- **THE TASK**: Find every line below where the word "that" occurs, then give how many you found and nothing else.
SOURCE INFORMATION below:
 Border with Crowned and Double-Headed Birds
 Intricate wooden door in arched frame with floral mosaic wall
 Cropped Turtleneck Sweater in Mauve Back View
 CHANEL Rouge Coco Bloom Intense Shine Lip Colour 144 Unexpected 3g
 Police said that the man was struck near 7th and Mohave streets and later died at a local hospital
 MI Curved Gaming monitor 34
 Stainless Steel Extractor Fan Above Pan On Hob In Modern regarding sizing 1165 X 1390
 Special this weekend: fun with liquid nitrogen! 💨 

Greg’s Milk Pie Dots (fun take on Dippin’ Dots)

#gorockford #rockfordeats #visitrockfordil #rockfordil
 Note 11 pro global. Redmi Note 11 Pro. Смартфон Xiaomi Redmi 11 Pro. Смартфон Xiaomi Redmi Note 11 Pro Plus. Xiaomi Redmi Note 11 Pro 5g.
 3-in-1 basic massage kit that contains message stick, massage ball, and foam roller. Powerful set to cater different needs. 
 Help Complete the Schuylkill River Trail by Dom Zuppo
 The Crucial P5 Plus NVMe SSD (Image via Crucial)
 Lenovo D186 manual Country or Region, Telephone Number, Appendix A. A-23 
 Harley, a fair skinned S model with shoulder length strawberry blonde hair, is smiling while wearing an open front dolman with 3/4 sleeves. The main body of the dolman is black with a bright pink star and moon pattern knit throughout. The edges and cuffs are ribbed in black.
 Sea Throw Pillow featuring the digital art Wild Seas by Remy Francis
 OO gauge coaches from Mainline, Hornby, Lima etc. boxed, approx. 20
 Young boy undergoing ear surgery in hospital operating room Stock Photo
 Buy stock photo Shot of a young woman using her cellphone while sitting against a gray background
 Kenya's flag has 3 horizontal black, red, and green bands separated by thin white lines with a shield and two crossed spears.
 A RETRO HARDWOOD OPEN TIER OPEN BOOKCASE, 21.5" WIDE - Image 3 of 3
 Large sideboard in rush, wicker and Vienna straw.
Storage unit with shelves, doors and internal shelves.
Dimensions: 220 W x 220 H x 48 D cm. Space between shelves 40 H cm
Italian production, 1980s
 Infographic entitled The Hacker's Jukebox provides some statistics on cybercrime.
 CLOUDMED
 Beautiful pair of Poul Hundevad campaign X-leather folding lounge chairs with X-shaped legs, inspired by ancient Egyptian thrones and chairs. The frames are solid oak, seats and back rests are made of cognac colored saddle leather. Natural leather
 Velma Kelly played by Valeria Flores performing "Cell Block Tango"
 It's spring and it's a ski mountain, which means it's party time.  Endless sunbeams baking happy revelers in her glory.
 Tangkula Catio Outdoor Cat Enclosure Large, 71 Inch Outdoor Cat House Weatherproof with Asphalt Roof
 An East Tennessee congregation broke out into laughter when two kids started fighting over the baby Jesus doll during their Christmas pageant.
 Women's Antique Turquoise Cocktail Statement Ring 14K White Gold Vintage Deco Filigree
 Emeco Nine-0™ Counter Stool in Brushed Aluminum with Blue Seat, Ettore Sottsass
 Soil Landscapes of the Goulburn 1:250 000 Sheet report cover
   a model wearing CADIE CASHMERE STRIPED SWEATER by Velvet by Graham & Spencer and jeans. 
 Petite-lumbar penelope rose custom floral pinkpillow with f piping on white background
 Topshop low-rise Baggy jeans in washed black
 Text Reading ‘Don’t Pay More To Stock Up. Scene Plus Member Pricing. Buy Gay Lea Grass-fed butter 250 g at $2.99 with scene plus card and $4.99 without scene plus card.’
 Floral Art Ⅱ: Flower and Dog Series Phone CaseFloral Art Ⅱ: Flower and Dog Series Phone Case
End of SOURCE INFORMATION.
- **ANSWER TO THIS EXERCISE**: 2